Schneider, who is now executive director of Stony Brook’s Center for News Literacy, said this begins with teaching students to consume media laterally, not vertically – meaning to not rely on a single source of information but to go elsewhere and check the information presented against other sources.

“That’s how professional fact-checkers work,” Schneider told the Blank Slate Media forum. “They leave a text, interrogate it elsewhere and come back.”

Verify the information, he said, before liking it or retweeting it.

Schneider said that though it may be a long-term answer to a current crisis, teaching news literacy should become a required part of all middle school curriculums.

He also urged the public to support newspapers, which provide crucial local coverage that undergoes scrutiny before being published and carries consequences if it is wrong.

Craig Burnett, an associate professor in the political science department at Hofstra University and director of its Kalikow School Poll Program, said as one of the most prominent sources of news Facebook must be more responsible in policing its posts.

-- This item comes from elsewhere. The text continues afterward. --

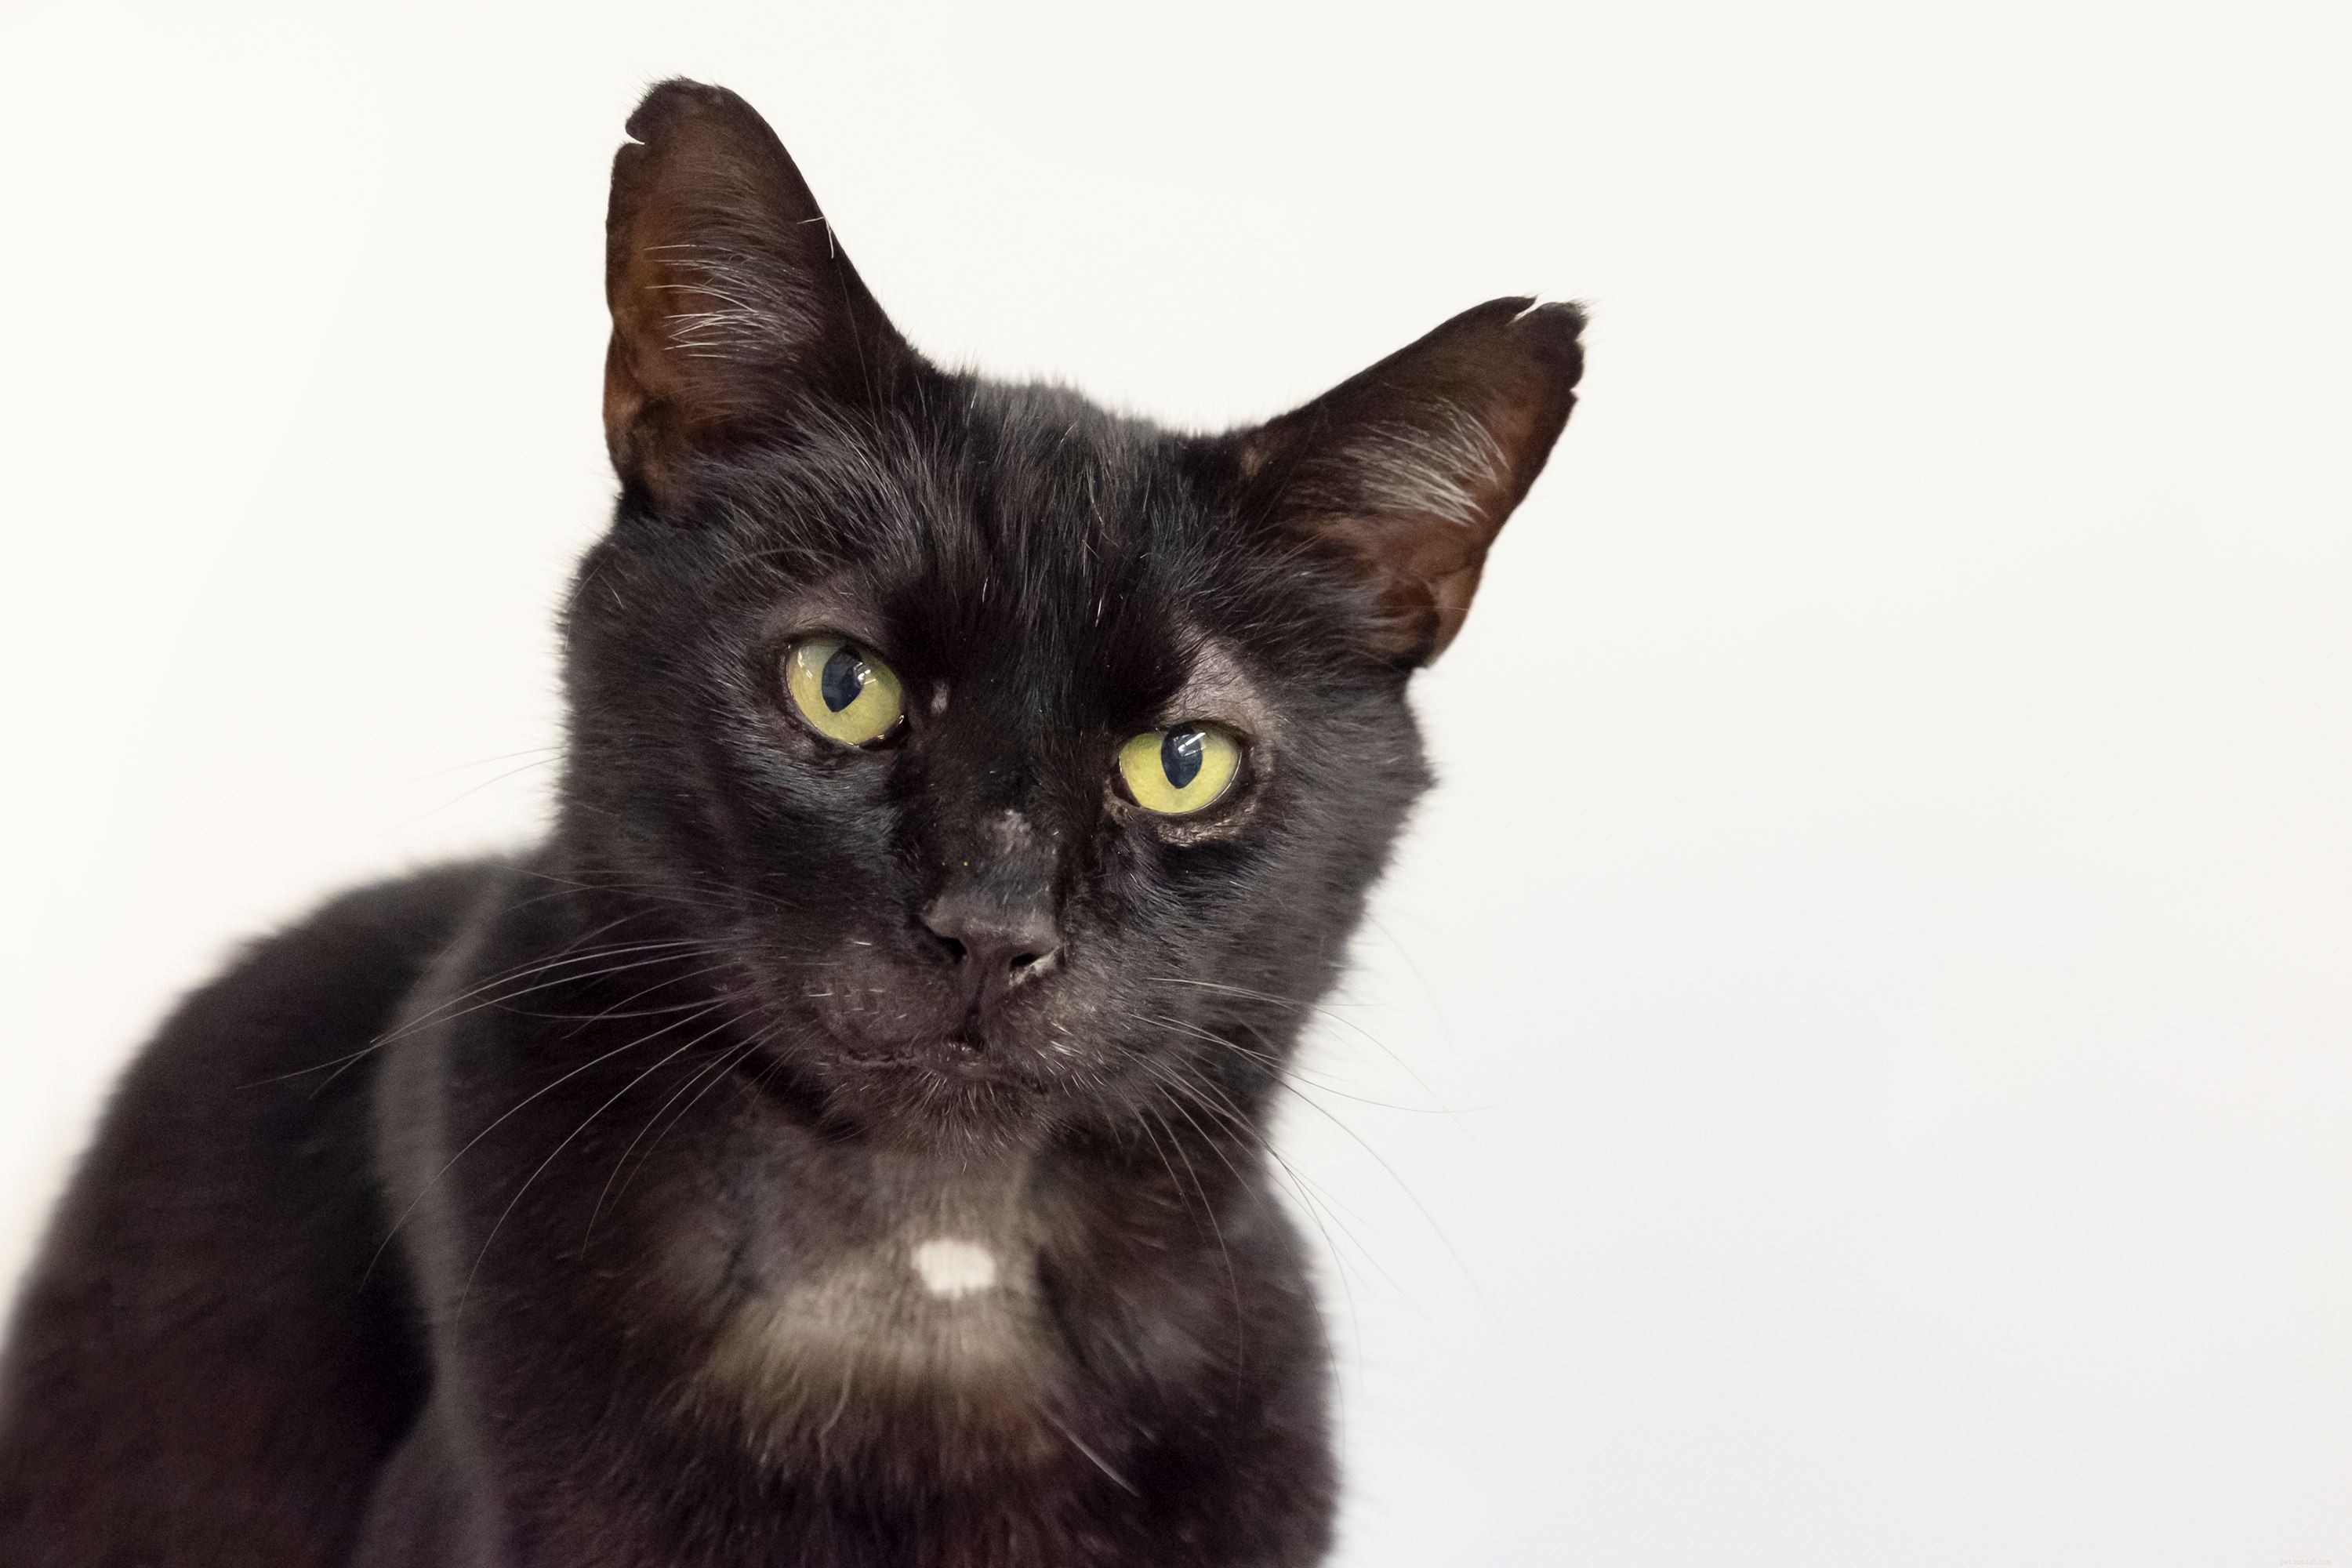 Voluntários da Cats Protection devolveram um gato encontrado em Essex com seu dono em Manchester depois que ele desapareceu há quatro anos

“It’s not a question of resources as it is a question of will,” Burnett said. “So now they’re finally starting to do that and [the Capitol attack] was the event that pushed them over the line.”

Trump and social media are certainly not alone in spreading misinformation.

Cable television beginning with Fox has routinely featured hosts and guests who spread misinformation on everything from the presidential election to COVID-19.

Republican elected officials, either because they agreed with Trump or feared his hold on the Republican base, have echoed his false claims.

But many large corporations have announced they would not finance the campaigns of elected officials who refused to certify the results of the presidential election.

Consumers should do the same by boycotting news outlets that help spread disinformation.

And voters should do their jobs by sending home elected officials who try to deceive them.